一名螻蟻般的雜役弟子,膽敢犯下如此重罪,這讓眾人無不瞠目結舌。
“我,我沒有盜竊法器。”
“我是奉六長老之命,前來取宗門洞府地圖。”
“我,我有六長老的令牌。”
阿月臉色蒼白,嘴角溢血,秀發略顯淩亂。
右側衣裙,被鮮血染紅。
整條右臂,已經消失無蹤。
鮮血如柱,噴湧而出。
看傷口處的痕跡,明顯就是被人生生給扯掉了右臂。
一名柔弱美麗的女子,一名修為弱小的雜役,卻是被人如此殘忍對待。
最重要的是,她是萬藥峰的人。
“哼,活該。”
“萬藥峰怎麼了,以為是萬藥峰的人,就了不起了?就可以為所欲為了?”
“這下好了,終於遭到報應了。”
“對對,萬藥峰的人,早就應該被打壓了。”
“你們聽說了嗎,有傳聞說蔣師叔已經隕落在外。”
“對,我也聽說了,據說此事還與江小白有關。”
“什麼?江小白?不會吧?”
“小聲一些,可彆被那個小心眼聽見了。”
“切,那就是一個傻子,怕他做什麼?你看他這次一回宗,隻要我們好言幾句,他不就乖乖地拿出丹藥來。
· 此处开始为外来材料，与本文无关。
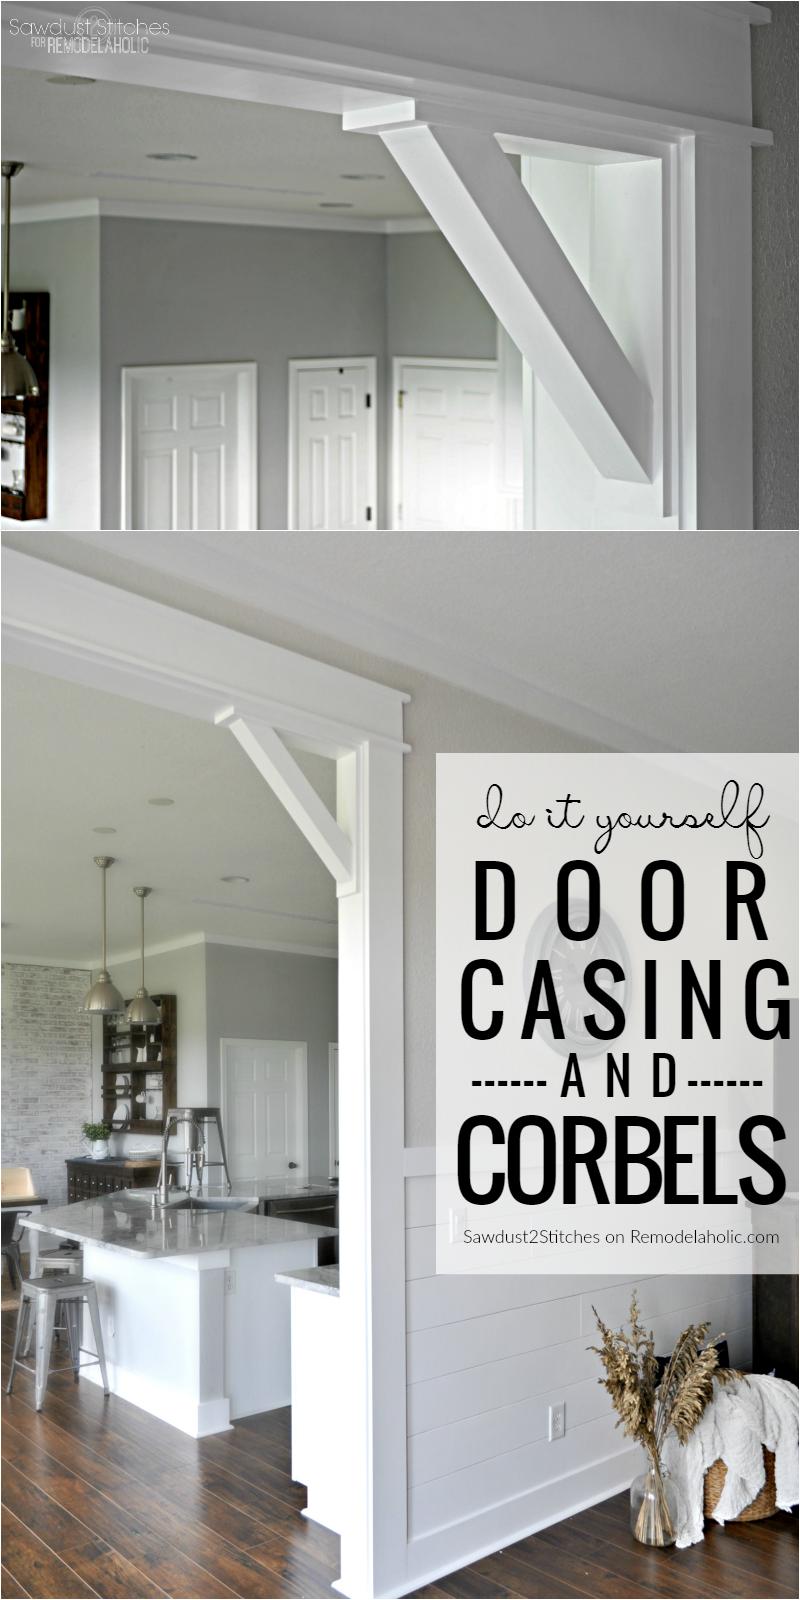 Diy Door Casing And Easy Corbels Tutorial @Remodelaholic | Blogger ...
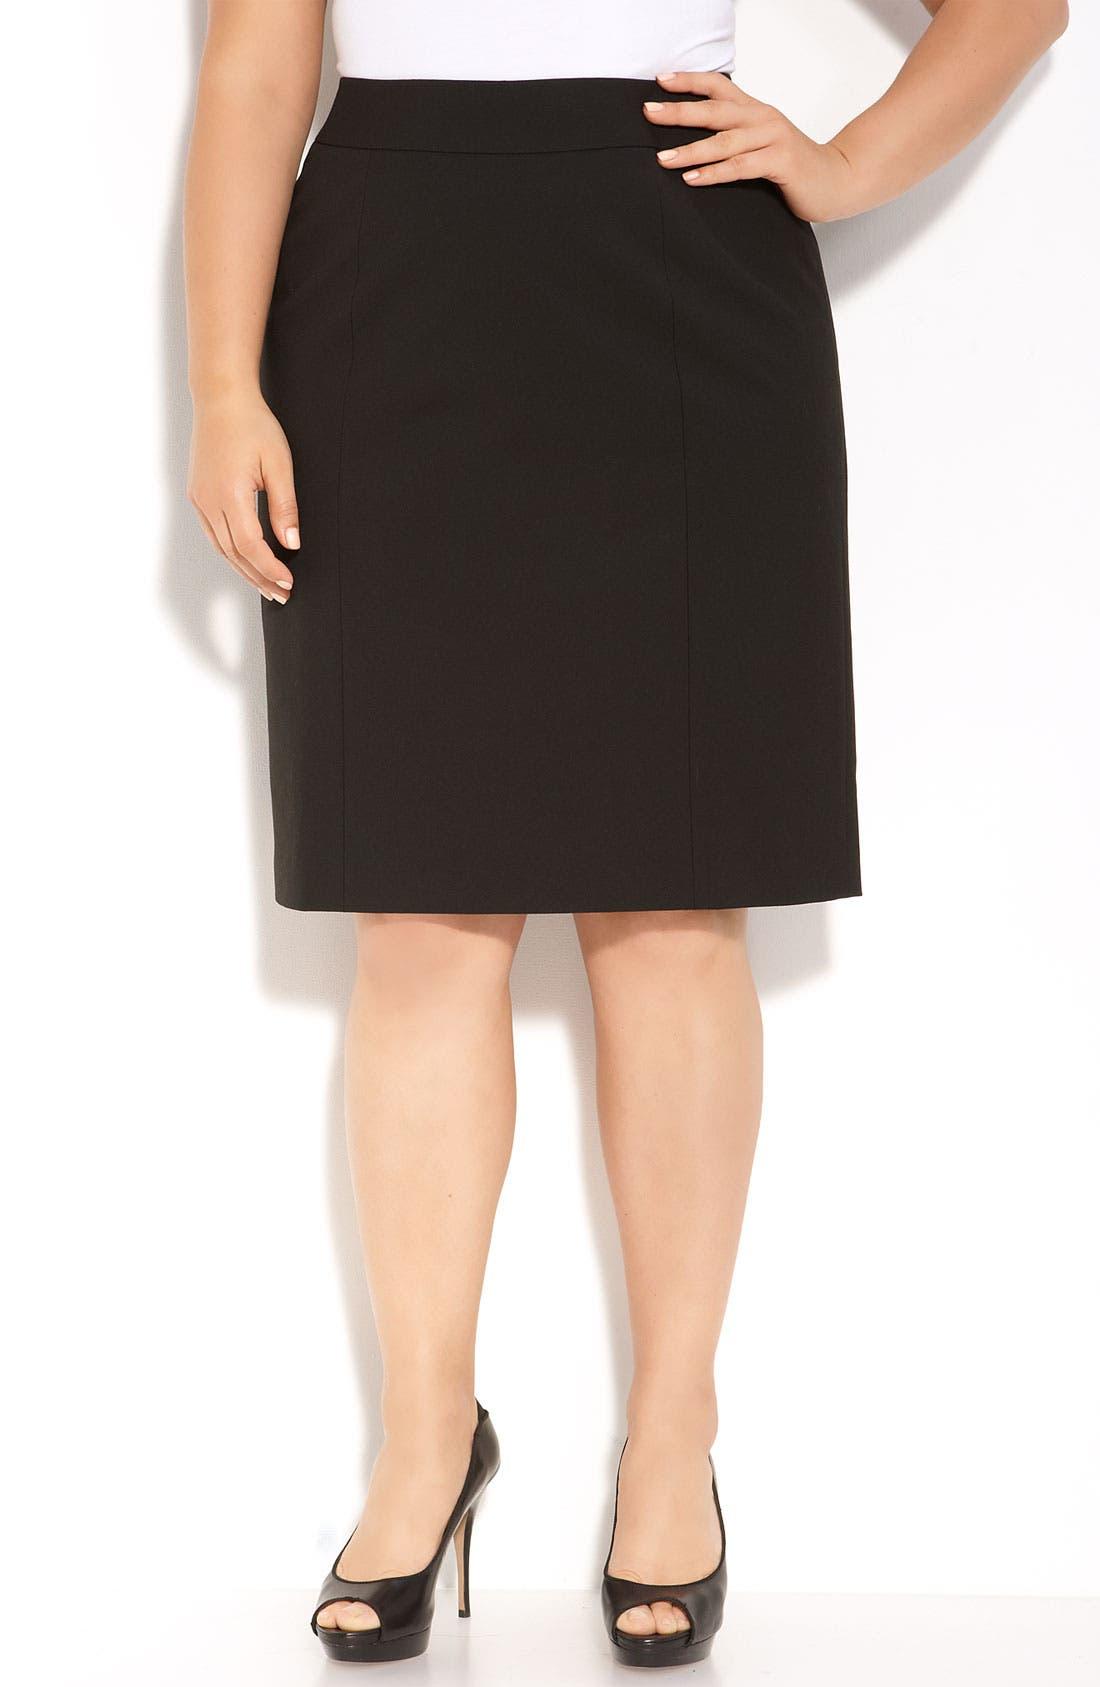 Alternate Image 1 Selected - Sejour 'Ela' Pencil Skirt (Plus)

”
“哈哈,對對,以後大家就多恭維恭維他。”
……
眾人的議論聲,越來越大,越來越離譜。
一時間,各種流言蜚語四起。
在場之人,根本就沒有把江小白放在眼裡。
在他們的心中,什麼宗門六長老,不就是一名煉氣期的小修士罷了。
還是一個,凡河之軀的螻蟻。
這樣的存在,豈能入他們這些擁有靈河之人的法眼。
“傻子?傻子倒要看看你是否真的不怕?”
一道冰寒的聲音,從空中傳來。
旋即,便見那名說出江小白是傻子的人,倒飛出去。
砰地一聲,撞在一側的岩體上。
隨即,又被一股強大的力量,吸扯回來。
而後,再度被拋出去撞上岩體。
砰砰之聲不絕於耳,那名修士來來回回不斷撞擊。
口噴鮮血,肉破骨碎。
幾度,他開口求饒,都被鮮血和碎肉將話給堵了回去。
江小白一手拉著小蜻蜓,一手不斷揮掌。
每一掌落下,那名修士的身軀,就會破碎一分。
“江師叔,你這樣做不合規矩!”
突然,一道略顯顫抖的聲音,從功善閣的廣場上響起。
聲音未落。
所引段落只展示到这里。